September 11, 2008

From Pilgrims to Americans

Everyone knows the story of the Pilgrims, right?   They were the humble, devout Protestants who fled oppression and in 1620 founded the first English colony in Puritan New England.   After passing through bitter hardship, they celebrated the first Thanksgiving in fellowship with the Indians.

Americans' view of the Pilgrims has passed through several stages.    For future president John Adams growing up in Quincy, Massachusetts in the 1750's, the Pilgrims were his ancestors, the bedrock of his world.   The author of the Massachusetts Constitution and Declaration of Rights recognized in the zealous, hardworking, rigid, and righteous ethos of the Pilgrim Fathers, the foundation of a democratic American society.

Nineteenth century modernists could dismiss the Pilgrims as intolerant religious fanatics.  But for Harvard historian Samuel Eliot Morison in the 1950s, there was a need to rescue them from this opprobrium.   While he reassures us that "their faith is not my faith," Morison identifies with the Pilgrims.   Their struggle to colonize a new land is the start of the American project.

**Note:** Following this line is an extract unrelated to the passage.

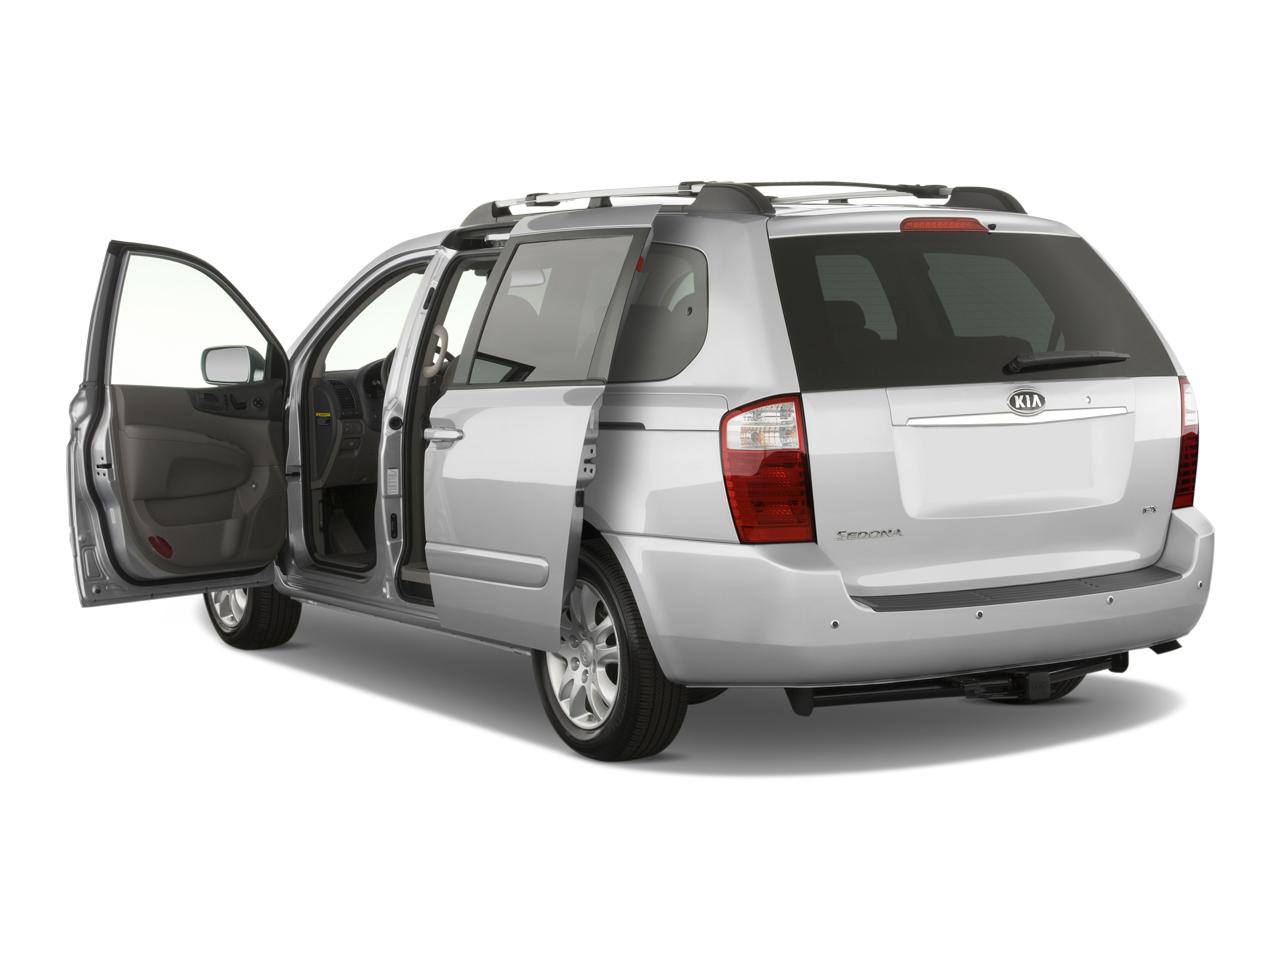 a cars awd lease in canada kia leasecosts sedona automatic l minivan

But no settler state can exist without dispossessing the natives, and Puritan New England was no exception.    Though they long maintained relatively peaceful relations with the Wampanoag sachem Massasoit, the Pilgrims soon joined the other New England colonies in exterminating the Pequots in 1637, a tale movingly retold at the Pequot Museum in eastern Connecticut.  By 1675, the steady encroachment of white settlement caused King Philip's War, a New England-wide war of racial annihilation in which all Indian tribes united under the leadership of Massasoit's son Philip, and after a hard, bitter fight, were destroyed; many of the  survivors were sold into slavery in the Carribean.

While in 1957 Morison could describe the murderous Indian policies of the Pilgrims without apology and without any effort to see events from the Indian side, in 50 years times have changed.  The 2006 bestseller Mayflower by Nathaniel Philbrick presents the Native point of view and depicts King Philip's War as a tragedy.   However, it is still necessary that we believe in the mastery of the settler.  "The great mystery of this story is how America emerged from the terrible darkness of King Philip's War to become the United States.   A possible answer resides in the man who has been called America's first Indian fighter, Benjamin Church".   Church, as much the hero of Philbrick's account as judicious Plymouth governor William Bradford, is the rugged frontiersman, recruiter and leader of friendly Indians, who matches Indian methods of unconventional warfare and, by tracking and killing Philip, ends the conflict.  

American exceptionalism is with us still.   While we now respect and consider the feelings of the Others, the resilience of Bradford's Puritan faith can be read in the confident verities of George Bush, indeed of all mainstream American political culture, particularly apparent in this election year.   We will be a light among nations.  We will bring democracy to the world.  (And of course, if you do not accept our version of democracy, we will bring to you a fire the like of which you have never seen.)

As Barack Obama said on PBS this evening, "We imagine a world, not as it is, but as it should be."  The Pilgrims said the same, and acted boldly on their belief.   The Pilgrims did not die.   Their messianism is the foundation of Americanism.   Conservatives, liberals, and radicals, we are Pilgrims still.